[Opening Information supplied section]
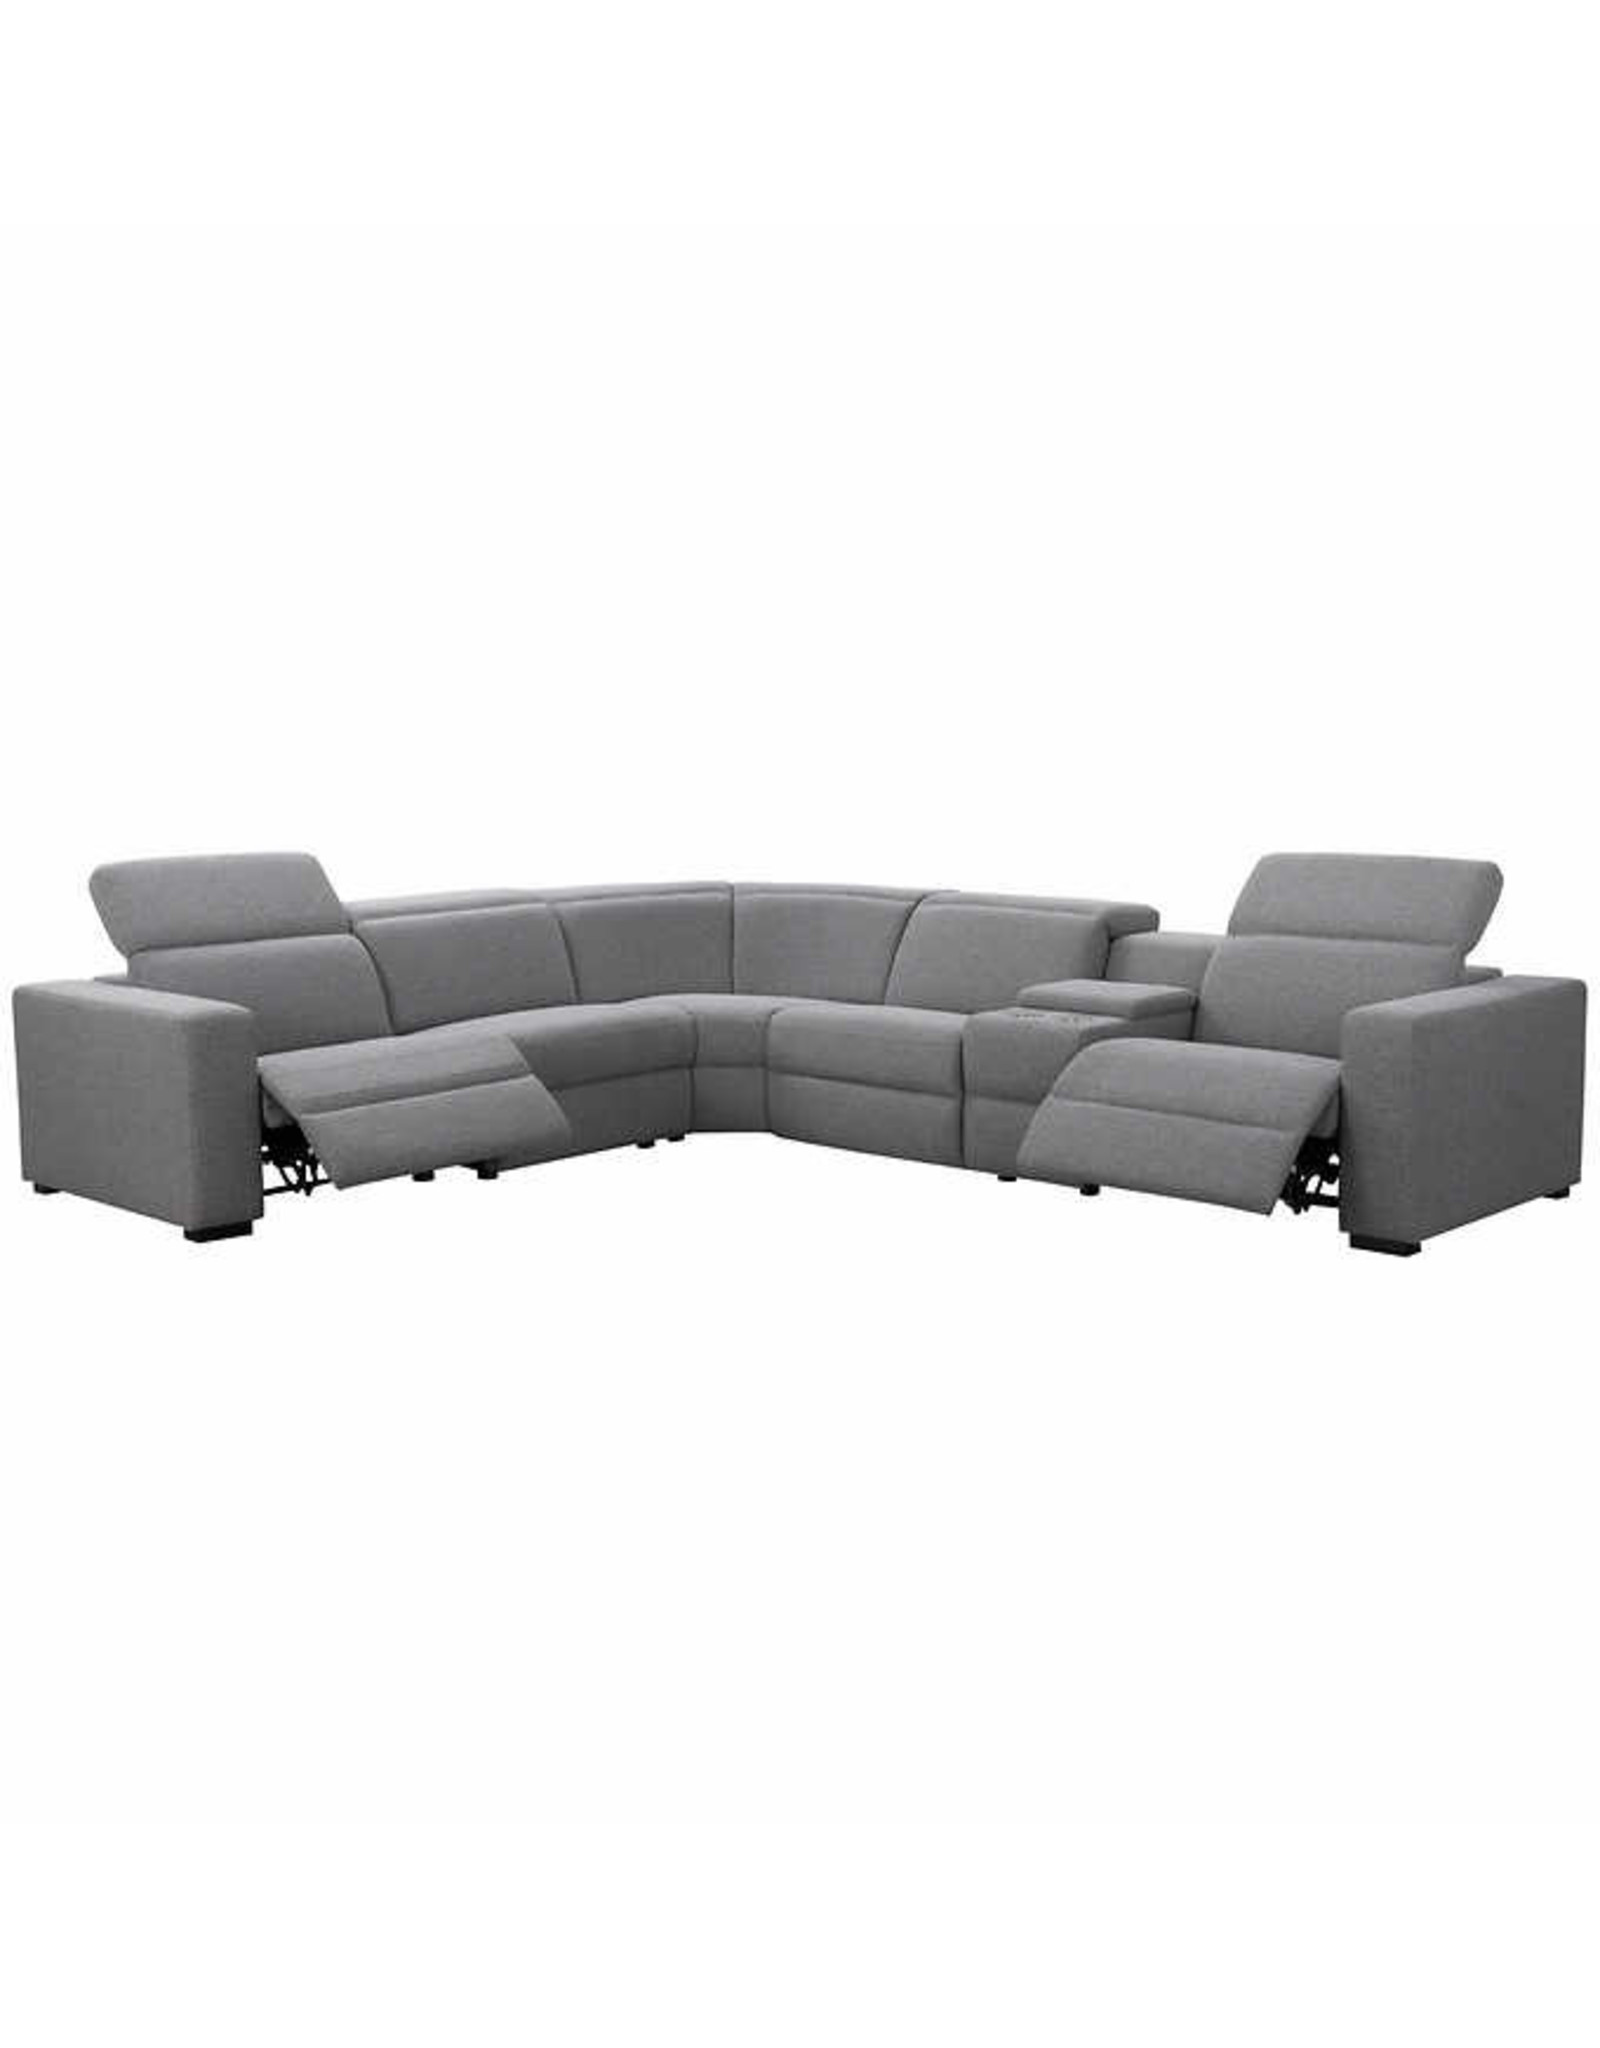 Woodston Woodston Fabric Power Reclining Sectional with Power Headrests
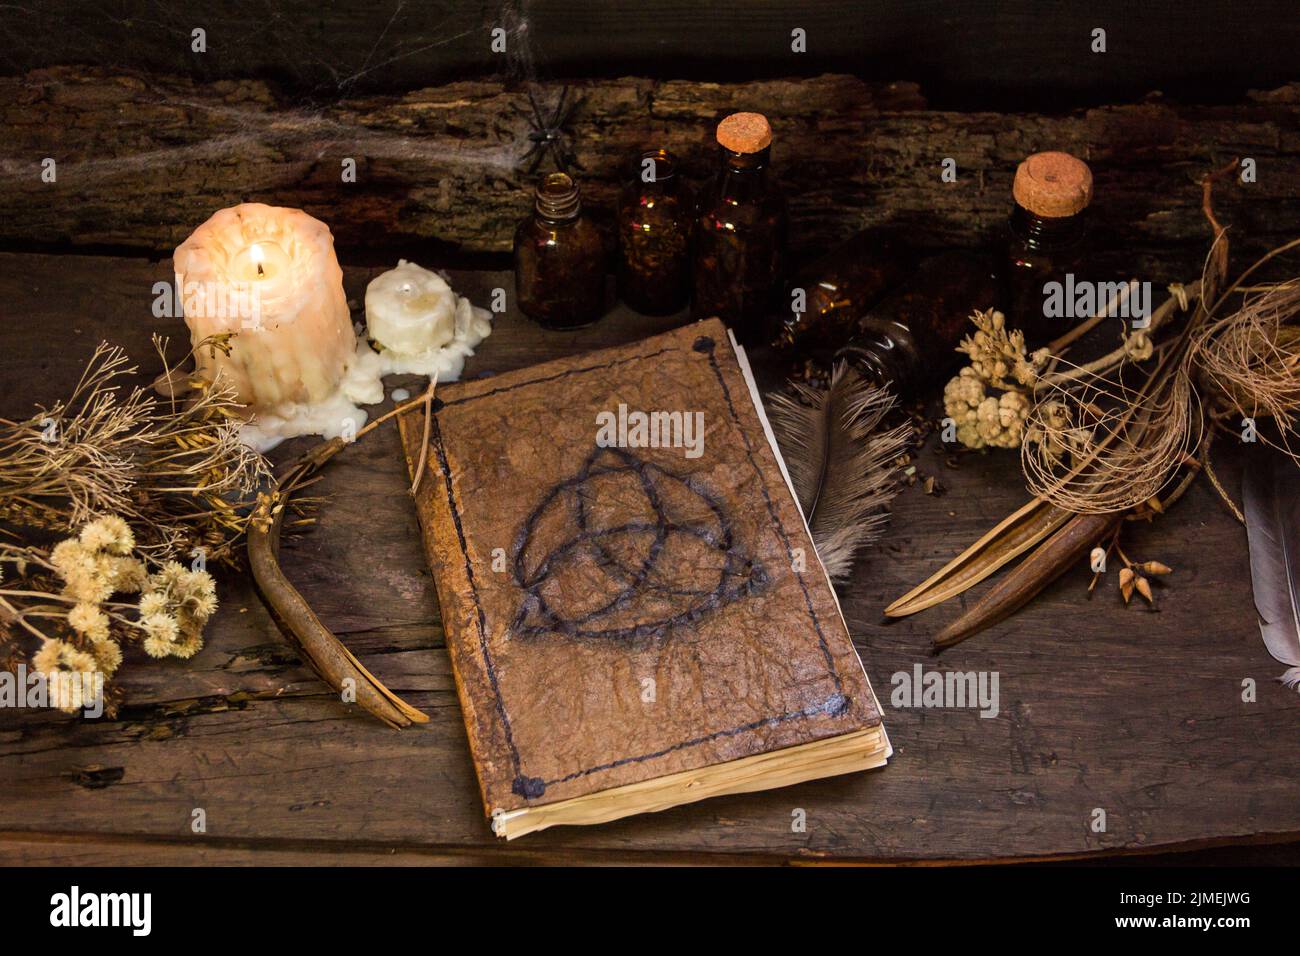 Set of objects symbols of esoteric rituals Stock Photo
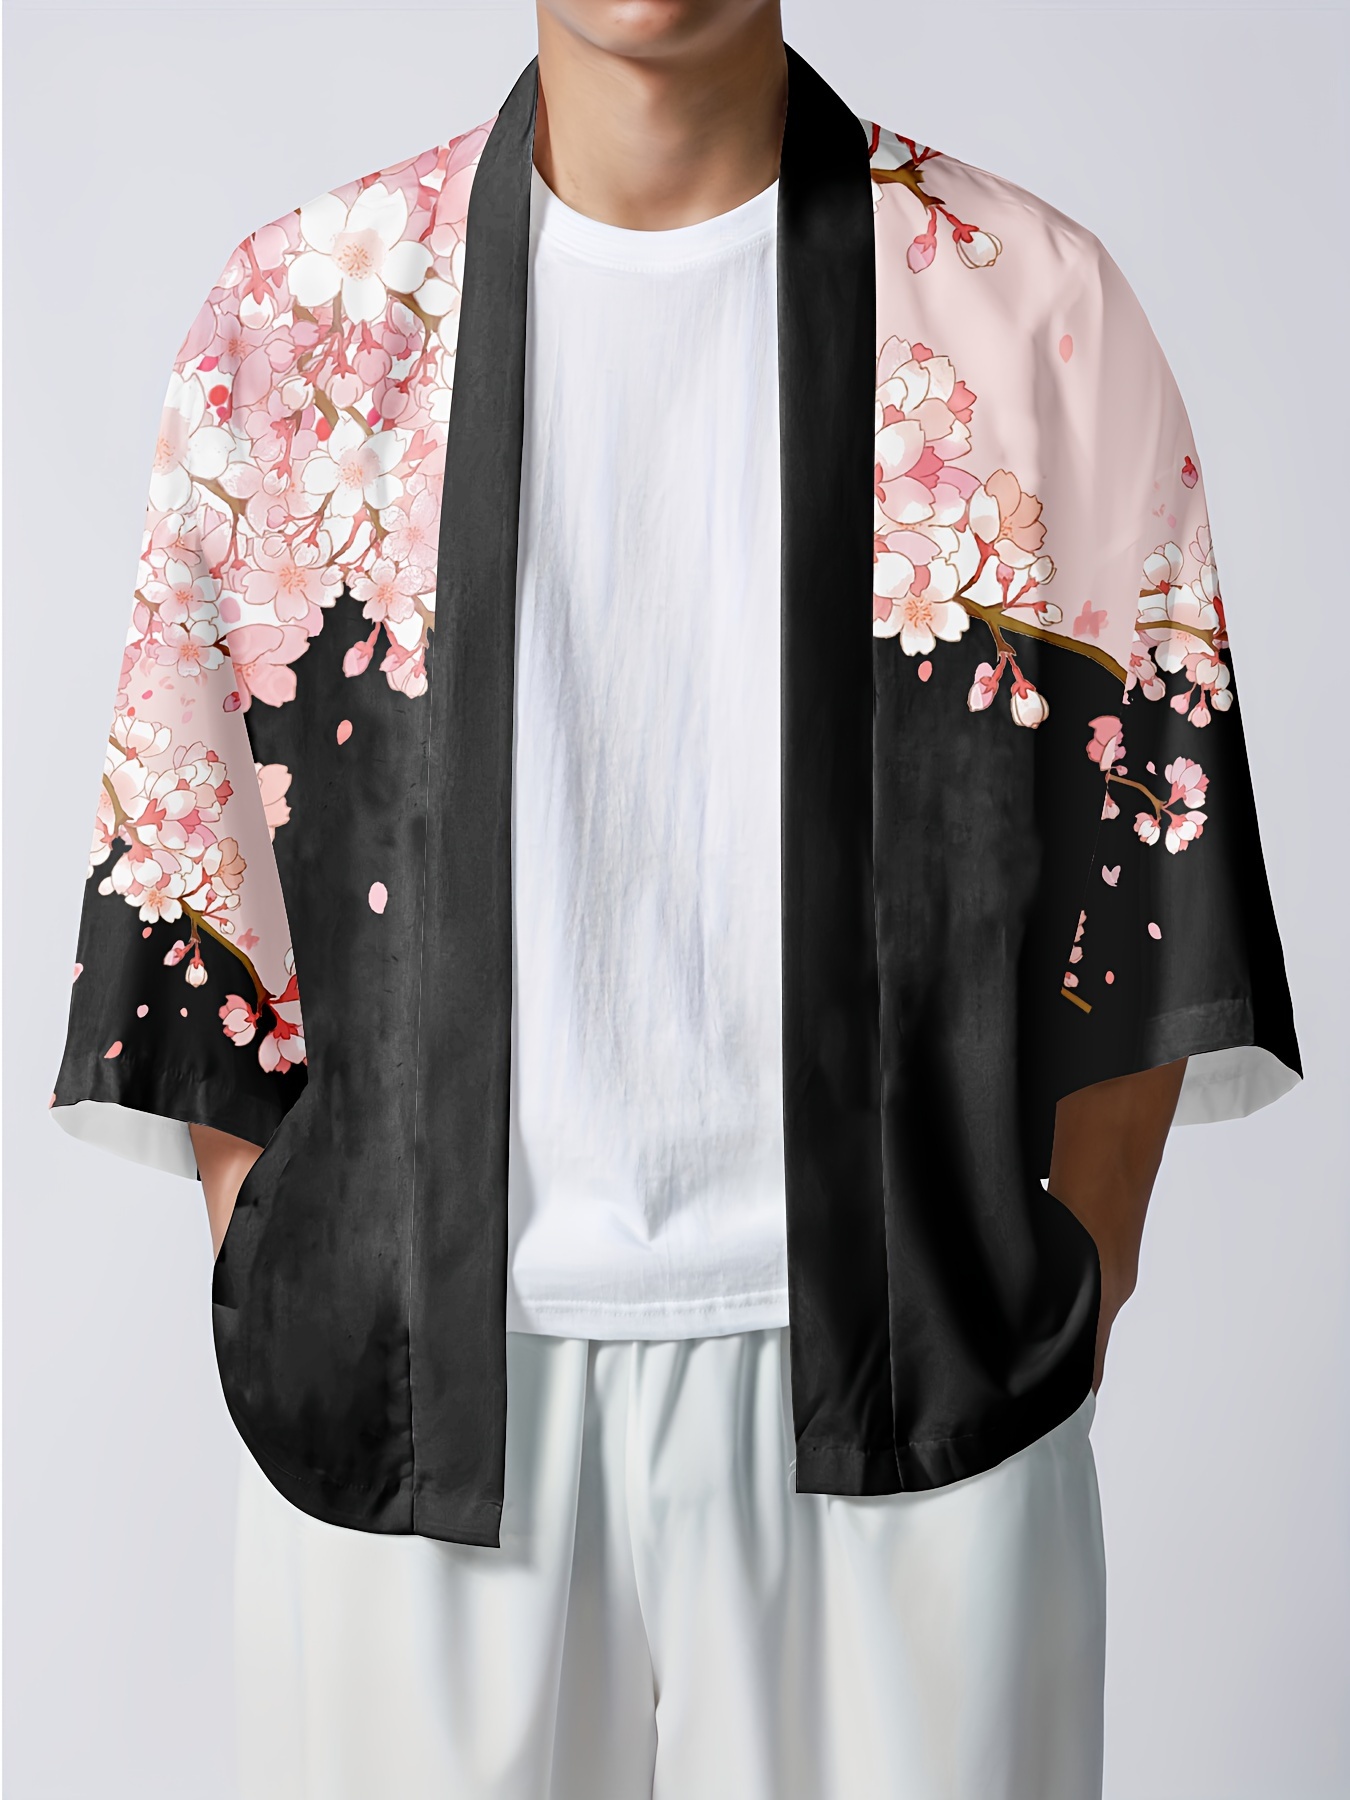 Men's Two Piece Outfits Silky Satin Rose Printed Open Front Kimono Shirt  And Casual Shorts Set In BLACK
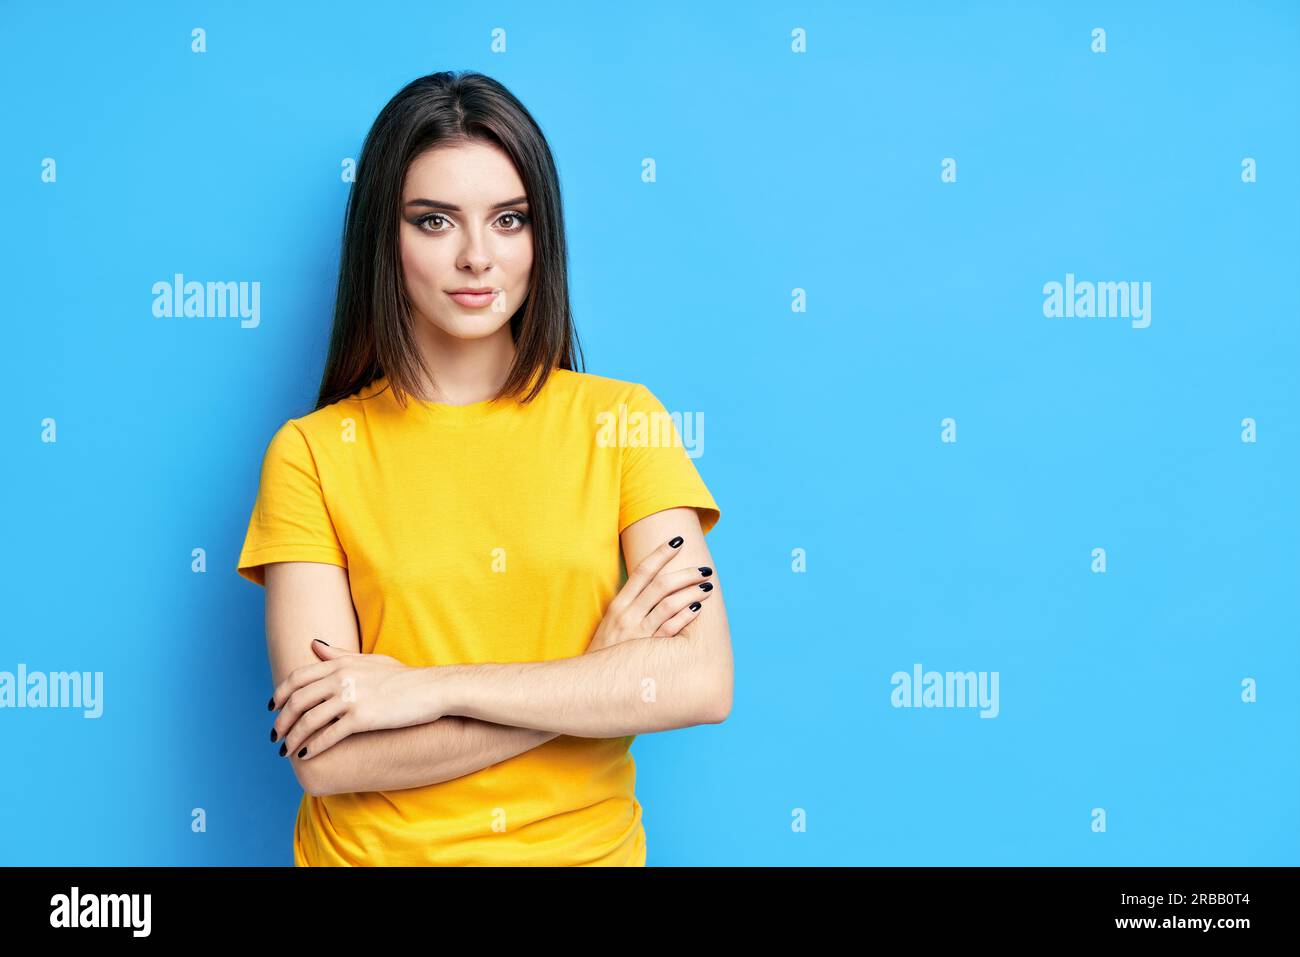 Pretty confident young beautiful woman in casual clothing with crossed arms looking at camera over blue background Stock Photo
[Closing Information supplied section]
Your objective :: Your output should be the lines from the one with "Set of objects" through the end of the listing, copied exactly and with the pictures left out.

Answer box ::
 Set of objects symbols of esoteric rituals Stock Photo
 Men's Two Piece Outfits Silky Satin Rose Printed Open Front Kimono Shirt  And Casual Shorts Set In BLACK
 Pretty confident young beautiful woman in casual clothing with crossed arms looking at camera over blue background Stock Photo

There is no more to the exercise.